Отношения с мужчинами у Эллы складывались не очень хорошо. Можно сказать, что не складывались совсем. Она была слишком придирчива. Она препарировала мужчин: характер, внешность, привычки – на предметное стеклышко, сверху покровное, капельку физраствора, и под микроскоп. А потом просто раскладывала его на молекулы и атомы. И в итоге получалось, что их молекулы и атомы крутились на разных орбитах. Чужеродными они были. Это первое. И второе: ей надо было покровительствовать, по-матерински вынянчивать любимого человека, быть выше, умнее, заботливее. А ей чаще встречались самодостаточные мужчины, которых распирало от этой самодостаточности. Причем порой она была дутая, и это было видно. И от этого было смешно.
А еще ей хотелось, чтобы рядом был единомышленник, чтобы он понимал ее, чтобы не задавал ненужных вопросов. Например, зачем она принесла из приюта домой старого немощного кота, доживать…
– Ему там так плохо было! Вокруг молодые и здоровые, как поросята веселые. А Тихон – старый, больной… Он устал от жизни, и свистопляски, которые устраивали приютские ребята, утомляли его.
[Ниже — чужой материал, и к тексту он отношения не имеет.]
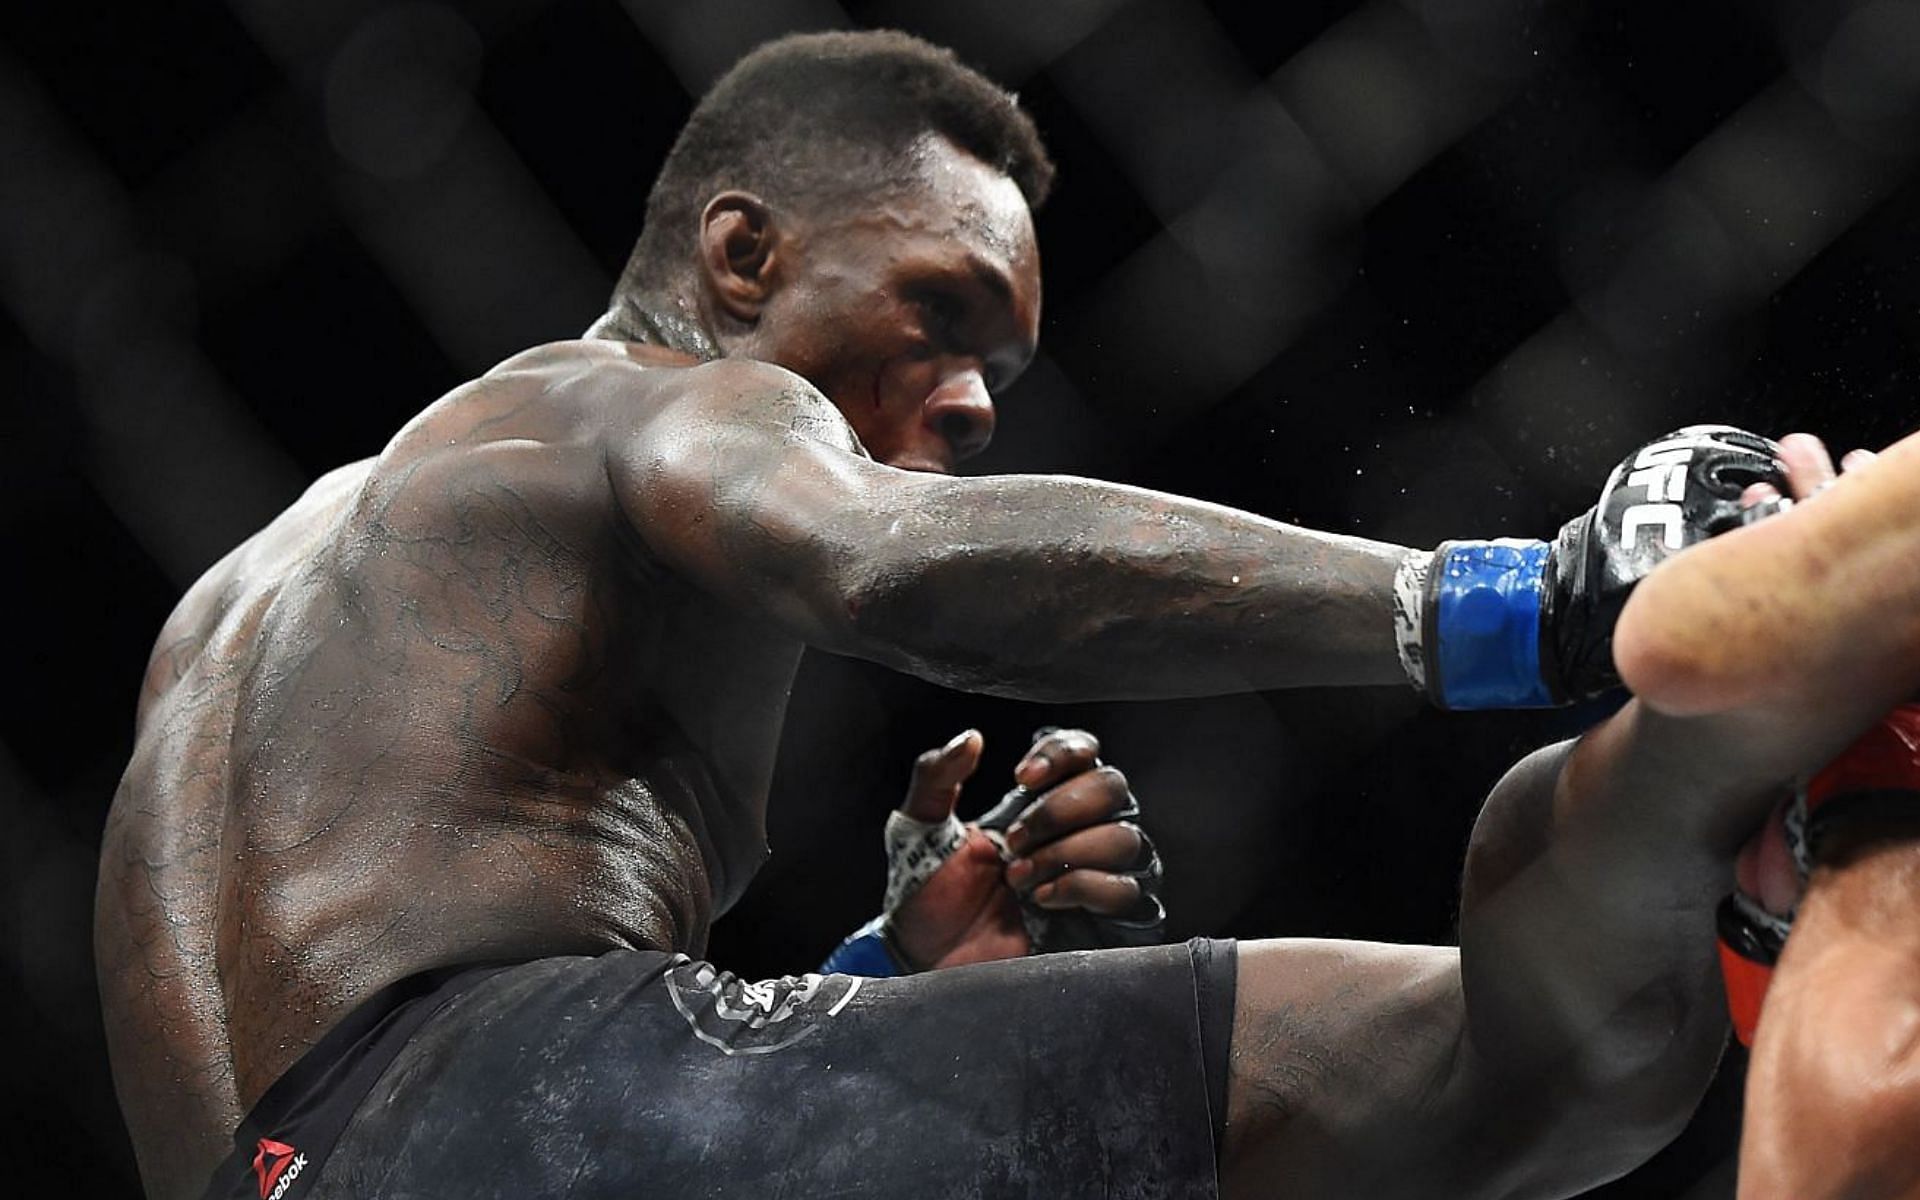 Israel Adesanya talks about the defining fights of his career
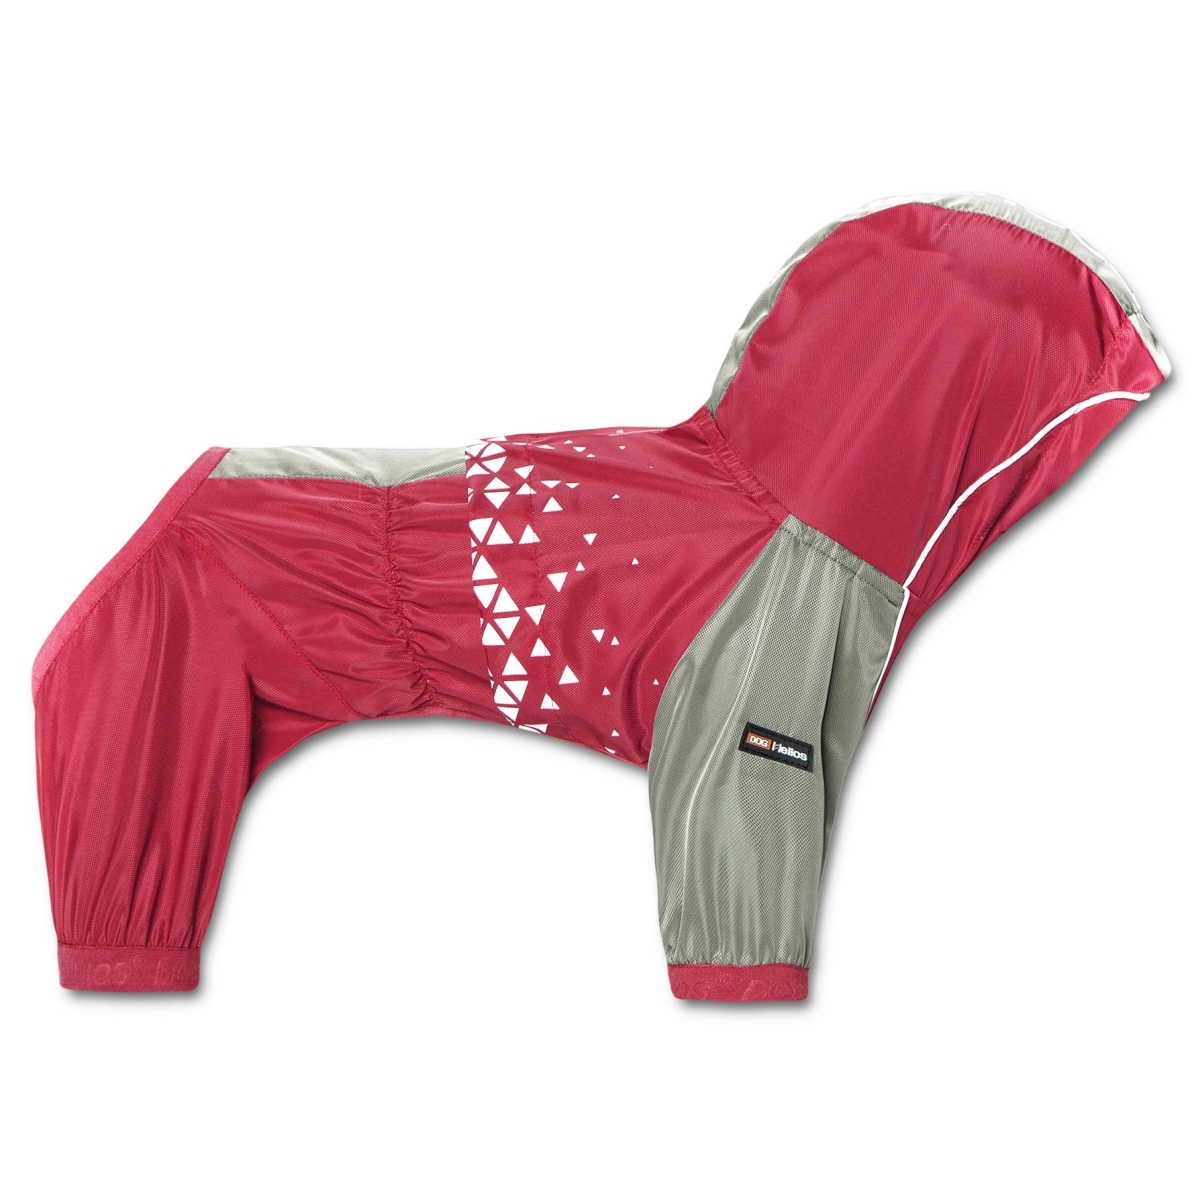 Picture of Dog Helios JKHL15RDLG Vortex Full Bodied Waterproof Windbreaker Dog Jacket - Red - Large
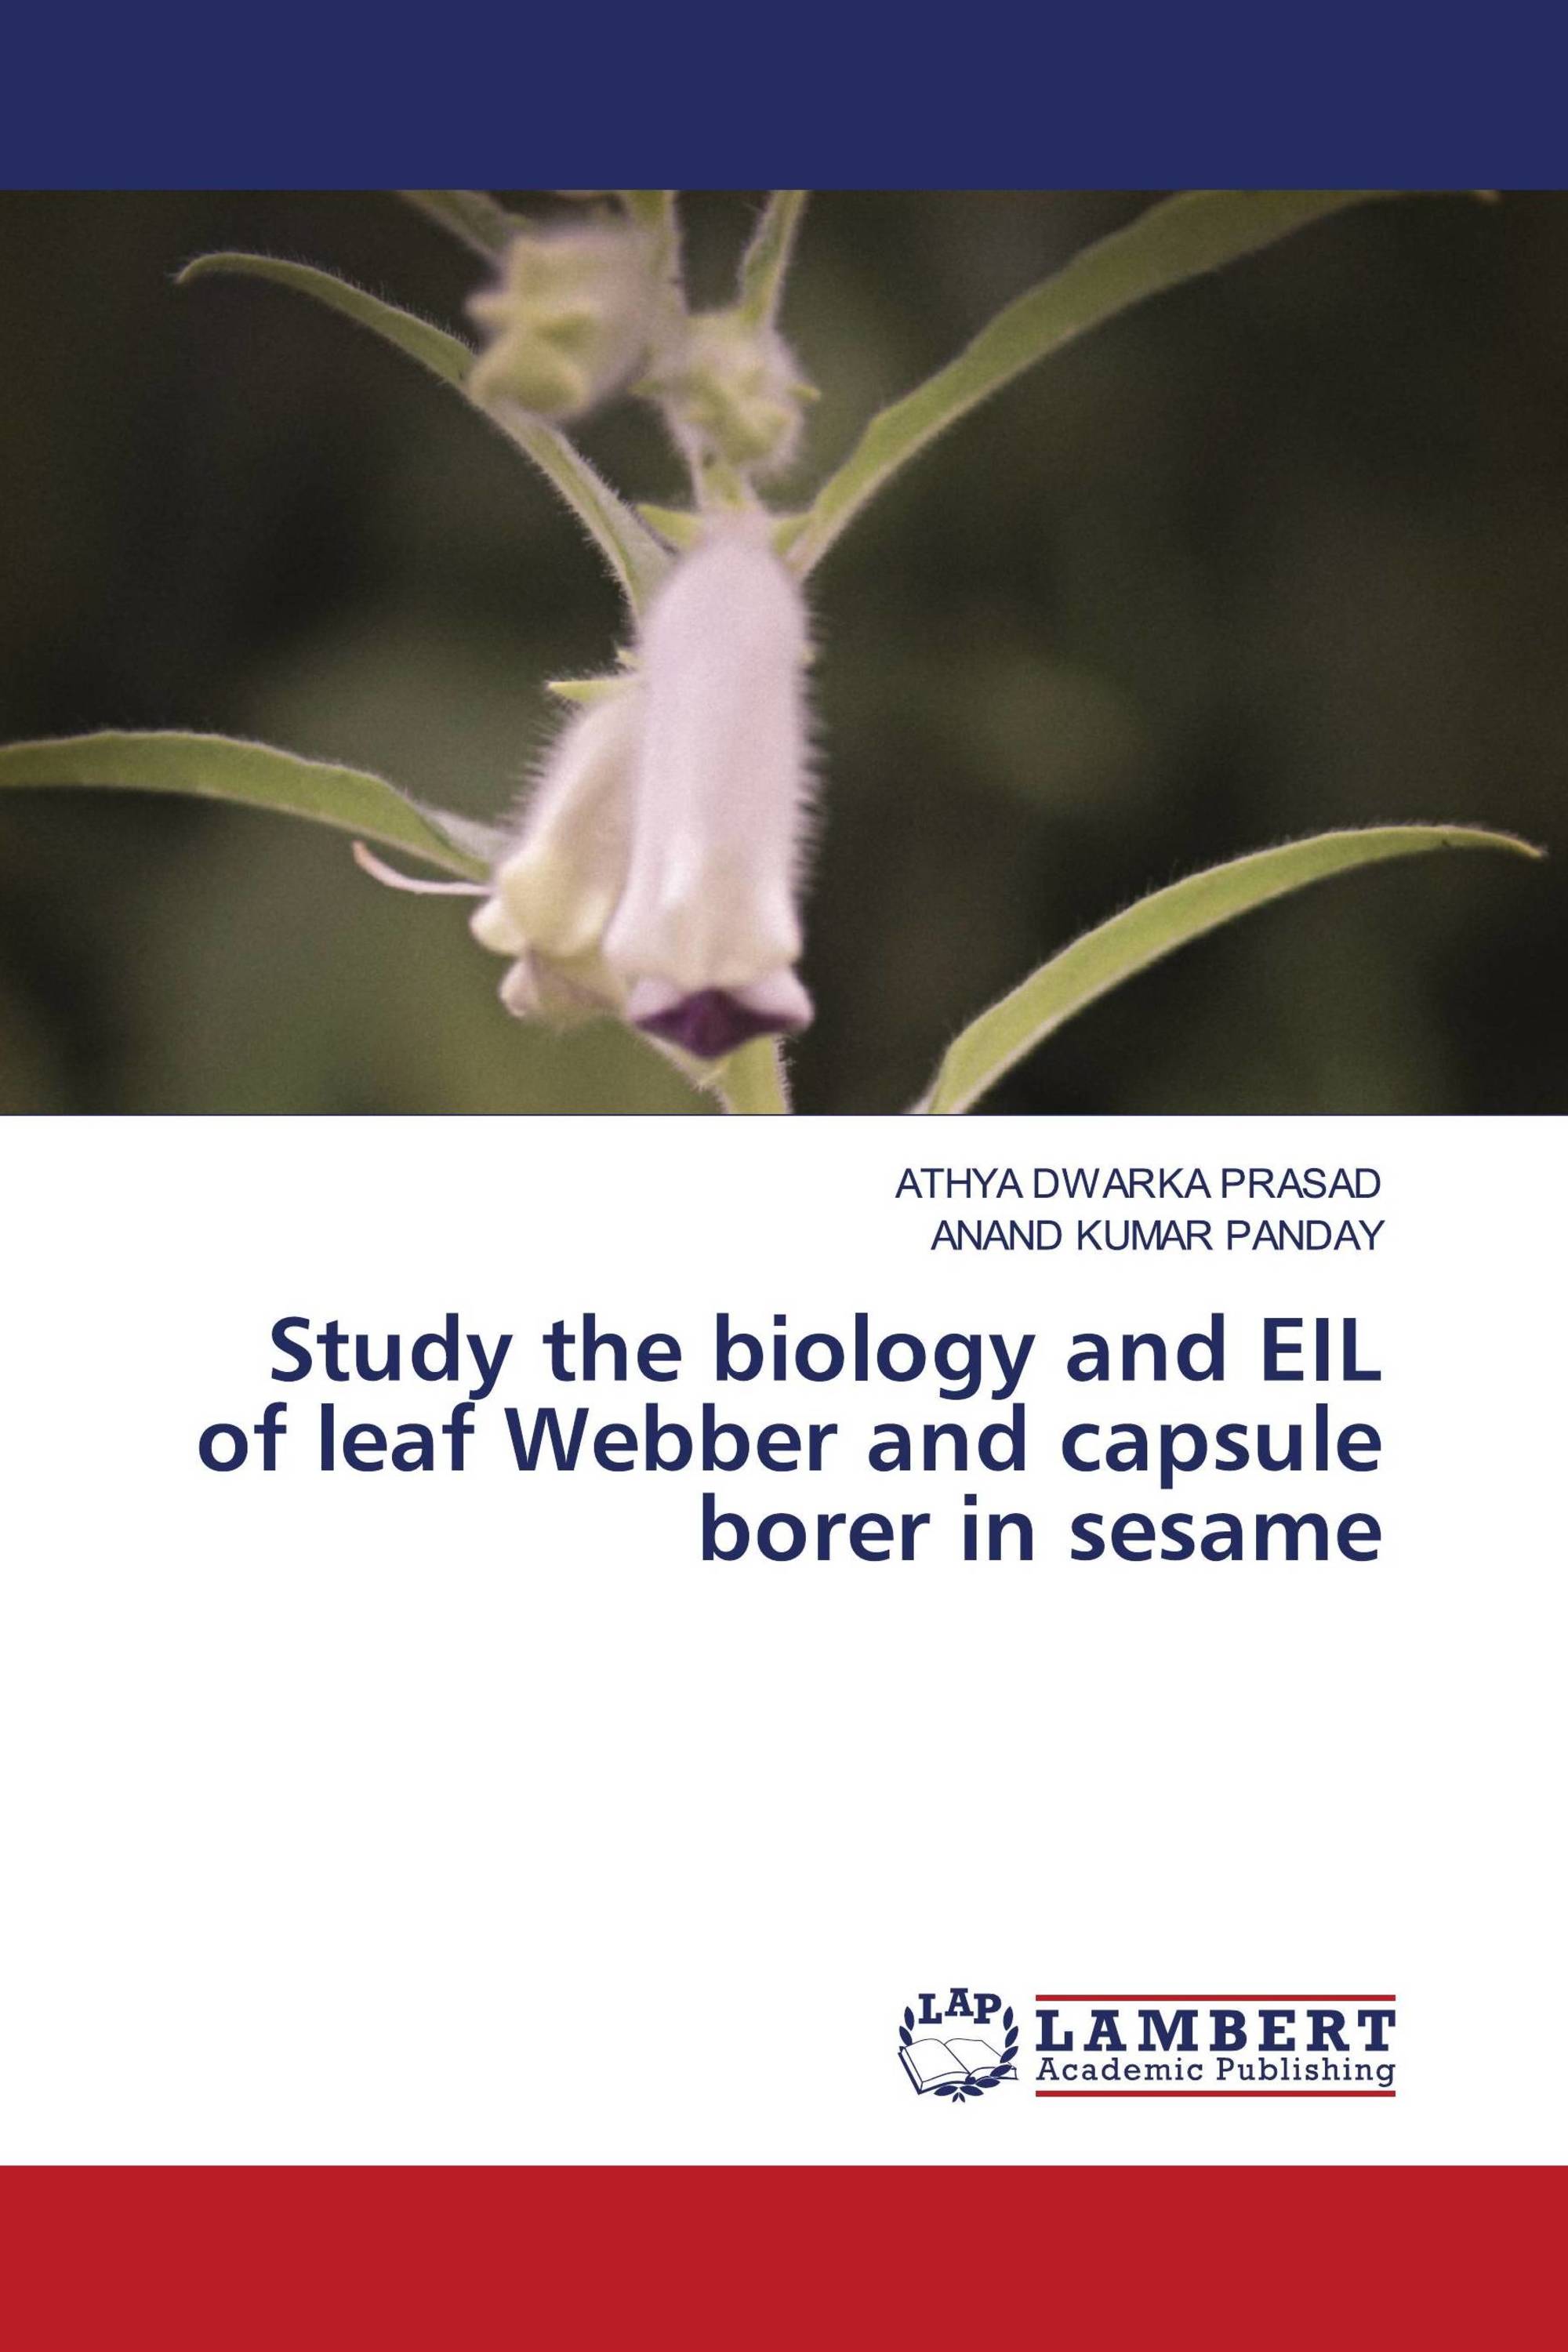 Study the biology and EIL of leaf Webber and capsule borer in sesame ...

У Тихона по шесть-семь раз в день случался эпилептический припадок… – рассказывала она потом все понимающему Димке.
А когда Тихон только поселился в ее доме, у Элки как раз зарождались романтические отношения с одним симпатичным мужчиной. Он был хорош ровно до того момента, как она пригласила его к себе в гости.